2020 ESA Annual Meeting (August 3 - 6)

COS 145 Abstract - Vegetation and habitat type are key drivers of soundscape heterogeneity in the Amazon

Leandro Do Nascimento, Department Wildland Resources and the Ecology Center, Utah State University, Logan, UT and Karen Beard, Department of Wildland Resources and the Ecology Center, Utah State University, Logan, UT
Background/Question/Methods

Acoustic indices have been used as proxies to monitor biodiversity and quickly analyze increasing amounts of large audio datasets. One of the main assumptions of the developing field of ecoacoustics is that greater vegetation structural complexity will lead to greater acoustic activity, but this has received limited empirical validation. Our goals were to determine the existence of habitat-specific soundscapes and to test how the vegetation structure from these habitats affects acoustic indices.

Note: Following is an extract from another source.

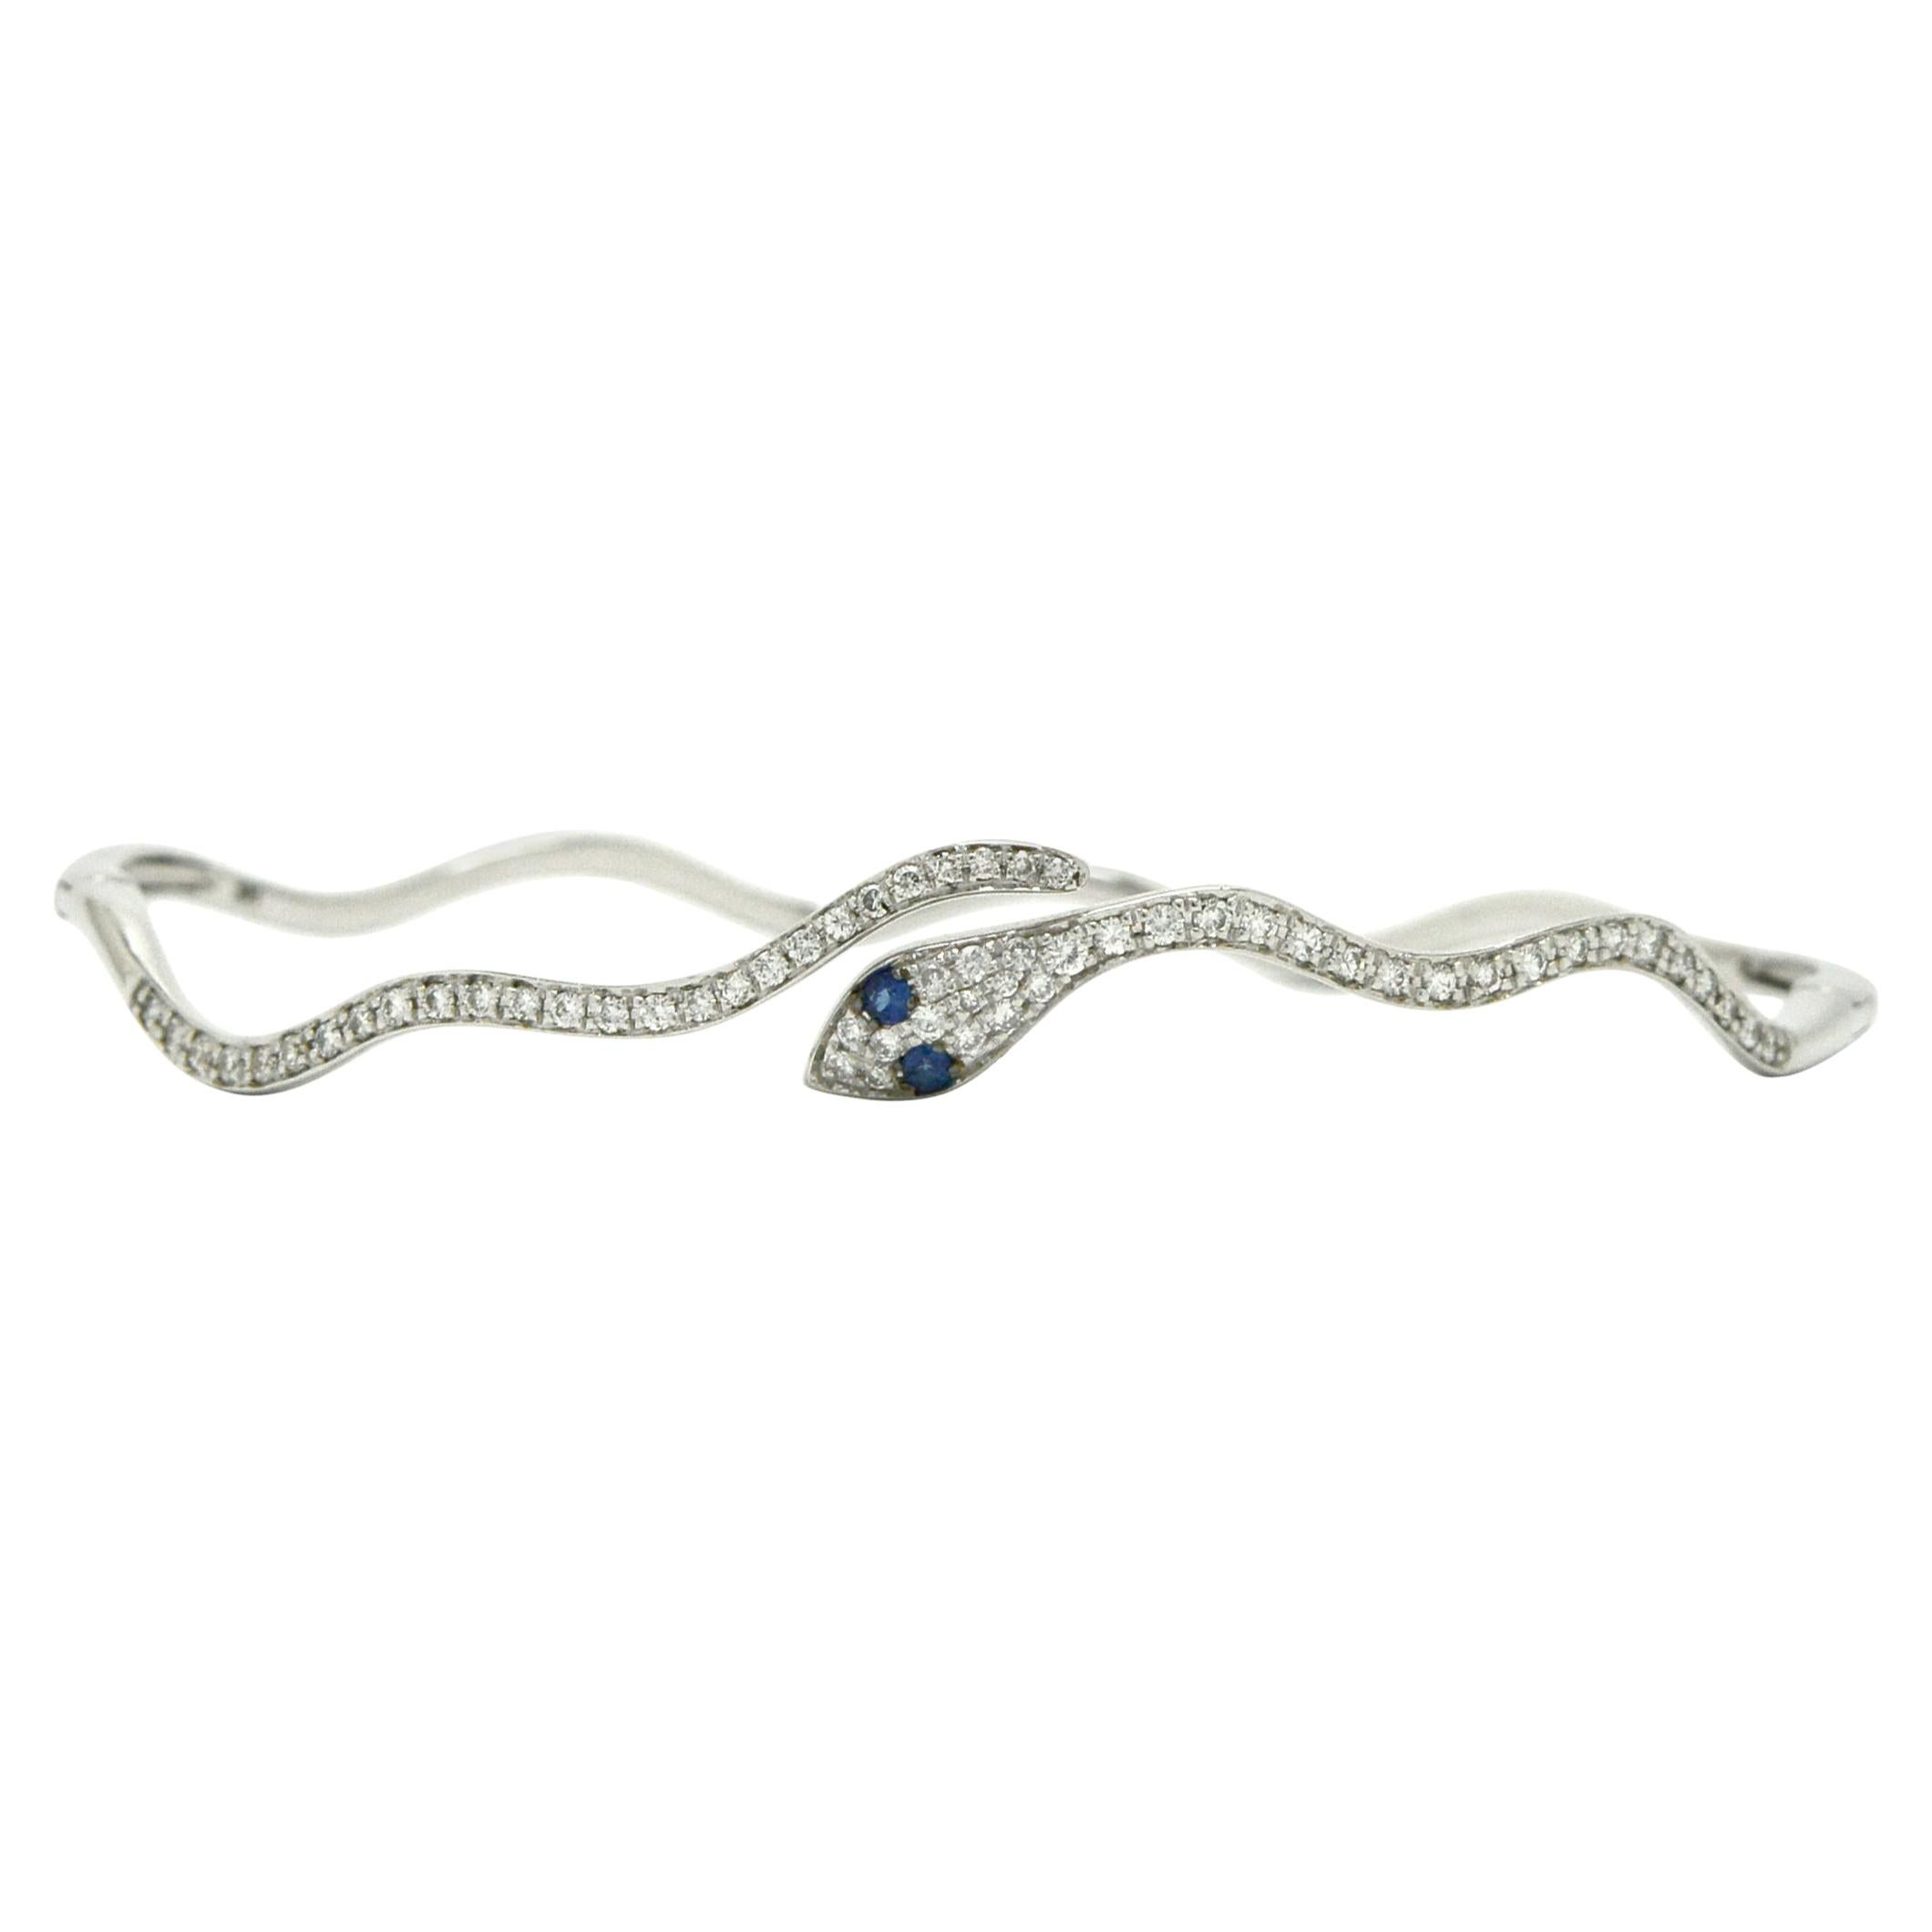 Egyptian Revival Pave' Diamond Snake Bangle Bracelet Cuff Blue Sapphire Eyes
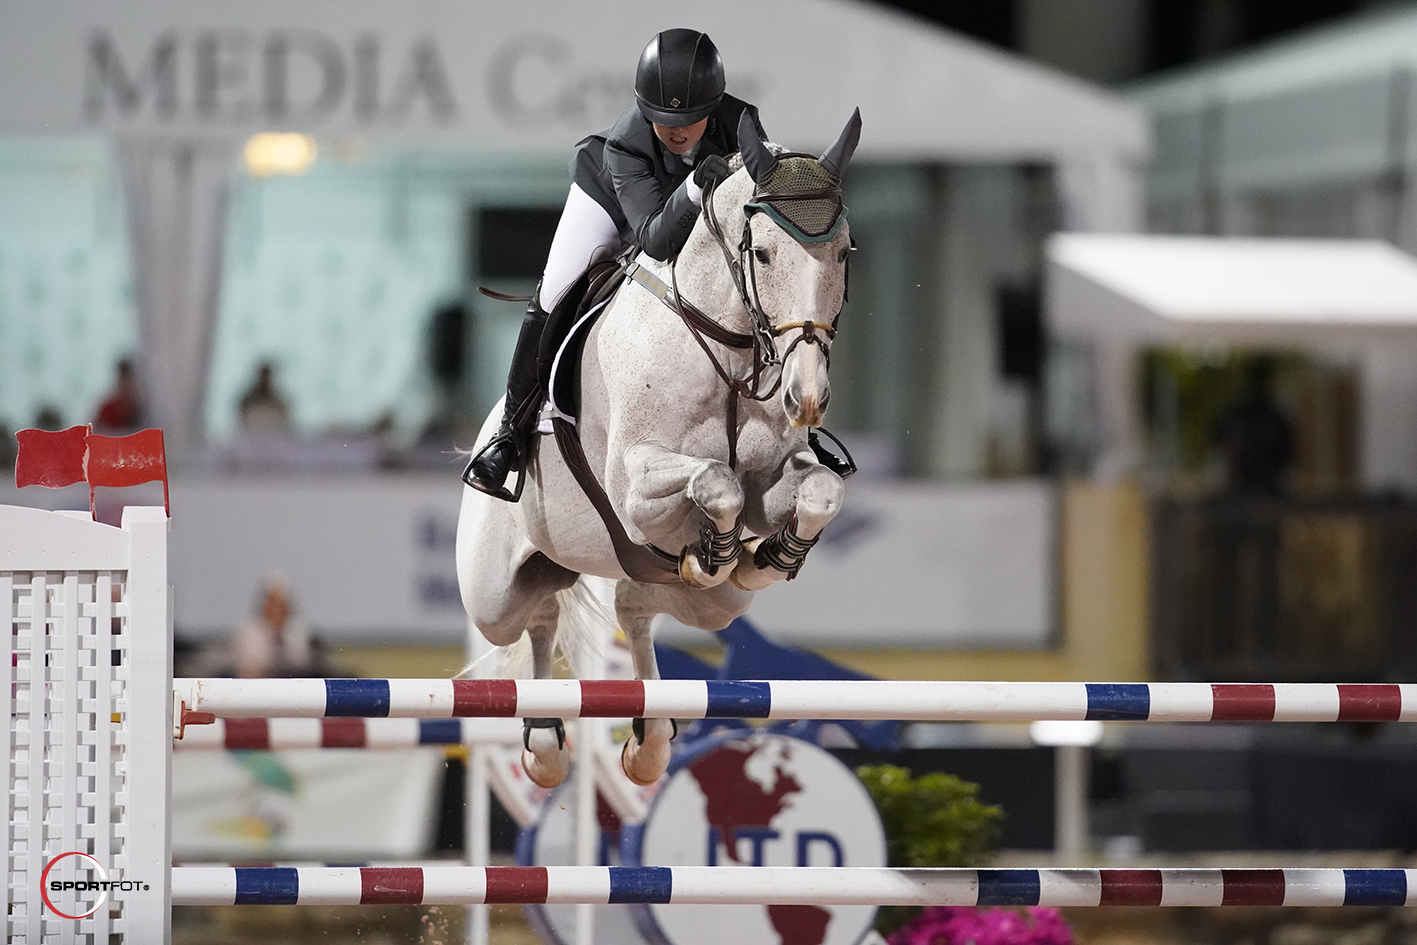 Ailish Cunniffe and Baloucento 314_5089 Sportfot

We conducted this research in the Viruá National Park, north of the Brazilian Amazon. Soundscape and vegetation data were collected in 143 sites spanning eight natural and anthropogenic habitat types, which we grouped into three categories: open habitats, flooded-forests, and non-flooded forests. Thirteen acoustic indices were retrieved from 92,283 one-minute recordings to summarize the soundscapes. We used this soundscape data to build random forest (RF) models to test if each habitat displayed a unique soundscape pattern that could be identified by the acoustic indices. To determine how vegetation structure affected acoustic indices, we used linear mixed models with acoustic indices as dependent variables, six vegetation variables (canopy cover, canopy height, litter depth, shrub cover, large trees, and small trees) as independent fixed effects, and sites as a random effect.

Results/Conclusions

We found that each habitat type had predictable soundscapes. Accuracy of RF models to predict the testing dataset was 74% and 87%. We found that acoustic indices that relied on statistical features of recordings were better at identifying habitat-specific soundscapes than acoustic indices based on signal complexity. For example, variable importance of acoustic indices in distinguishing the habitats was higher for third quartile (TQ) and centroid (CENT). Canopy cover significantly affected eleven of 13 acoustic indices, while other vegetation variables (e.g. shrub cover and number of trees) were less important in explaining differences in acoustic indices. The acoustic evenness index (AEI) and skewness (SKEW) were the best indices connecting soundscapes to vegetation structure, with canopy cover explaining 81% and 52% of the variance in these indices, respectively. Acoustically rich soundscapes were linked to high canopy cover in forested habitats, while acoustically poor soundscapes were linked to low canopy cover in open habitats. This is similar to the effects of canopy cover on species richness across different taxa. Our results suggest that acoustic indices can be used together with other scalable vegetation remote sensing methods for multi-taxa animal surveys at policy-relevant extents.